Однажды брат — в особенно морозном декабре, когда дыхание перехватывало и чугунные прутья ограды обжигали ладонь без перчатки, — не вышел к ужину, пропал, мы кинулись искать, сначала думали, что он забрался на чердак, а потом уже двинулись в лес с фонарями. Вокруг была та строгая, немая и воцарившаяся будто бы навечно красота, которая одною зимней стужей и может быть сотворена, ледяным дуновением силы, никого не жалеющей и потому создающей миры без изъяна. Заиндевелые деревья принадлежали царству минералов — не деревья, а камни, кораллы, возникшие на вечность раньше, чем деревья. Руди мы нашли под старым дубом, превратившимся в мощный, натруженный ростом кристалл: мой брат сидел между столетних корней, неподвижный и белый, как обряженный в снежную шубку ангелок на могиле ребенка, и на обданном стылостью белом лице жили только глаза. И я понял, что он, столь живой и горячий, не мог не прислушаться к неумолчному звону лесной тишины, против собственной воли затянутый в космос мерцательных призвуков, из которого нет и не надо возврата. И сразу следом за уколом страха я почуял бессильную жалость к нему, не способную что-то поправить и наставить его на «путь истинный», — эта жалость во мне и поныне.

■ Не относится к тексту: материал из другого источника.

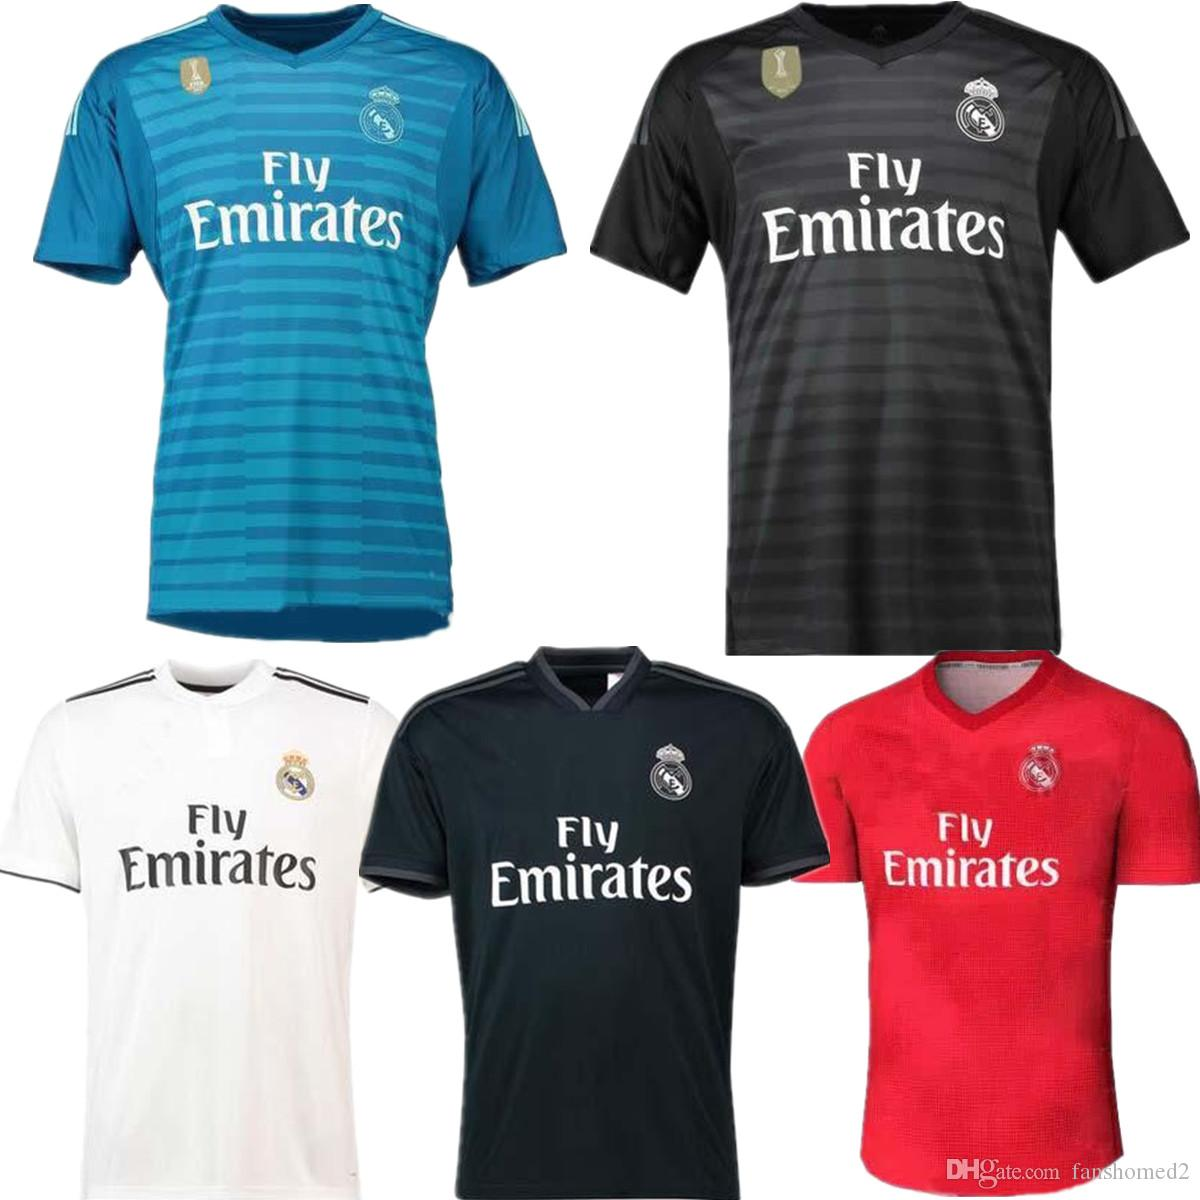 2018 2019 Real Madrid   1 25 Courtois Portero Camiseta De Visitante Tercer  Rojo Varane Bale Camisetas De Fútbol De Isco Navas Arsensio Modric BENZEMA  ... 866255bf1e6bf
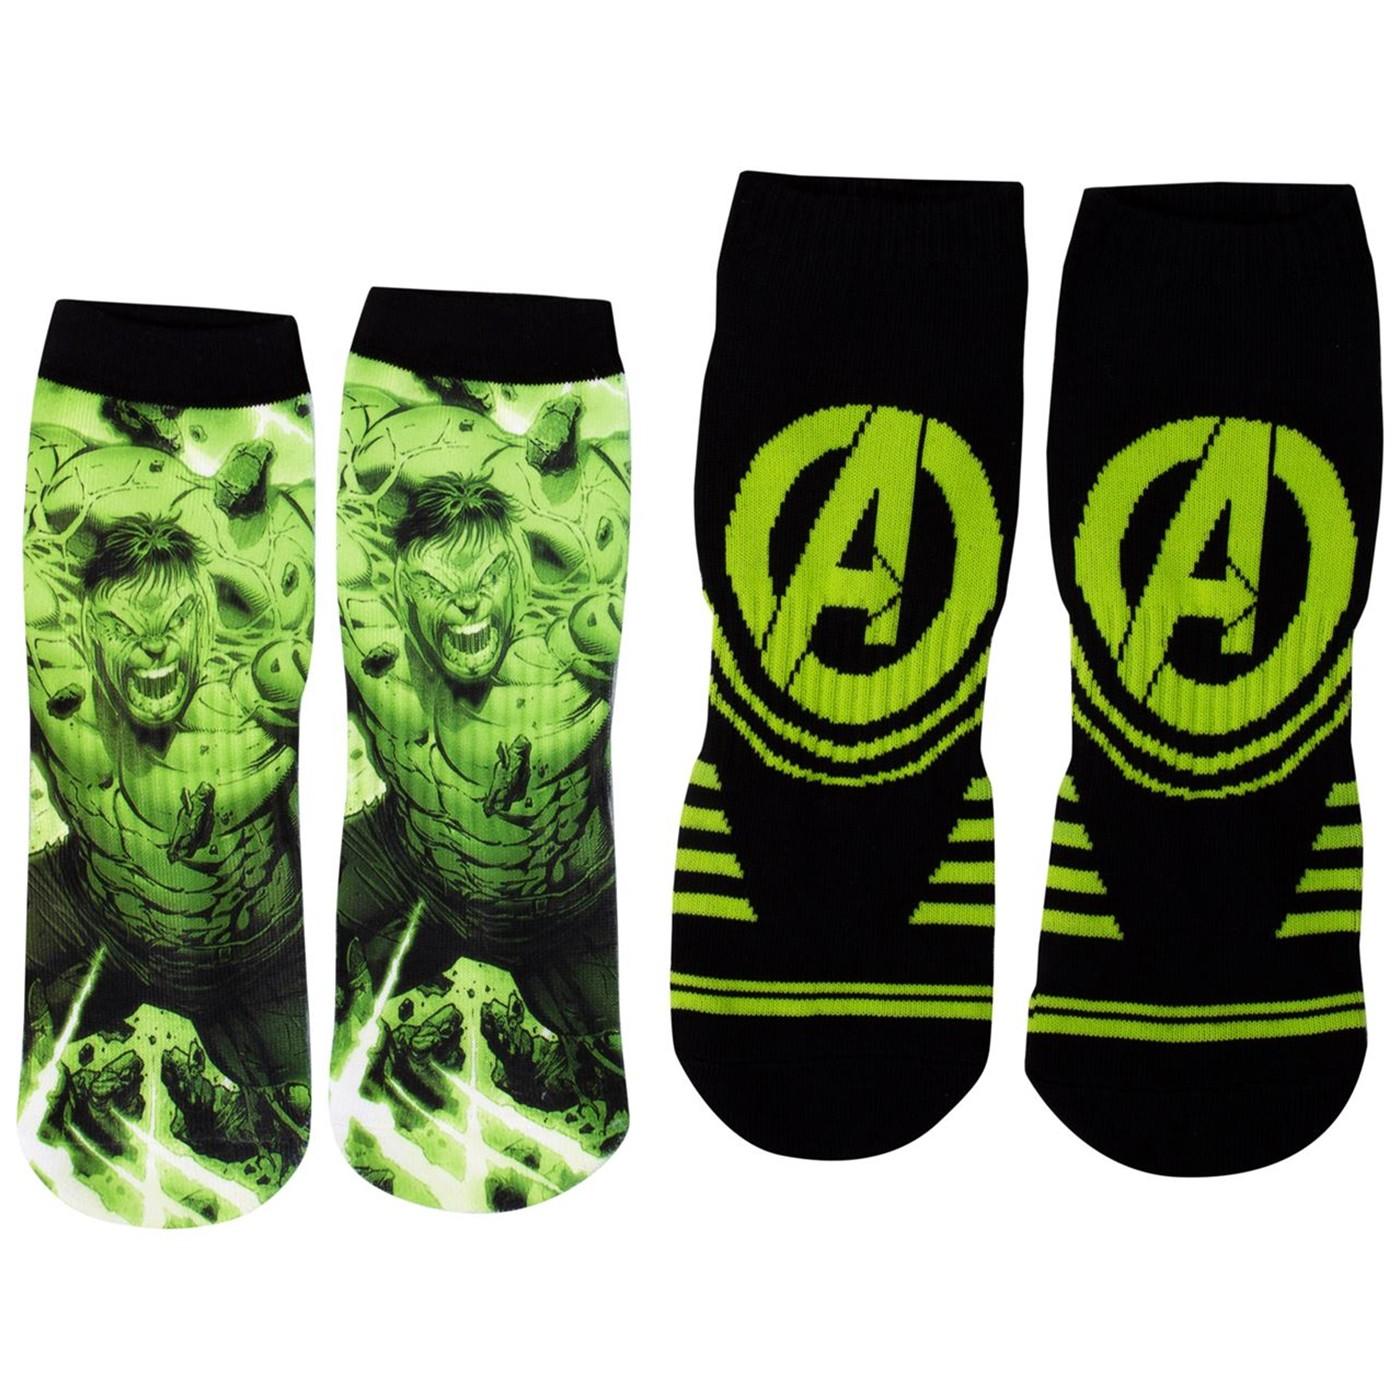 Incredible Hulk Two Pair No-Show Athletic Socks

Вместо того чтоб показать нас с Руди какому-нибудь модному в ту пору шарлатану от психиатрии (один строит планеры, а другой вообще, судя по поведению, болен «прогрессирующим лунатизмом»), наша мать, золотая бесстрашная Эрна, купила мне «Цоглинг», а еще через год — и «Малютку Грюнау», подарив изначальное чудо отрыва, а для брата был нанят педагог из Еврейской школы Холлендеров, переправленный нами впоследствии в Швецию вместе с семейством. Мать всегда защищала нас перед отцом, который и саму ее считал — и не без основания — сумасшедшей.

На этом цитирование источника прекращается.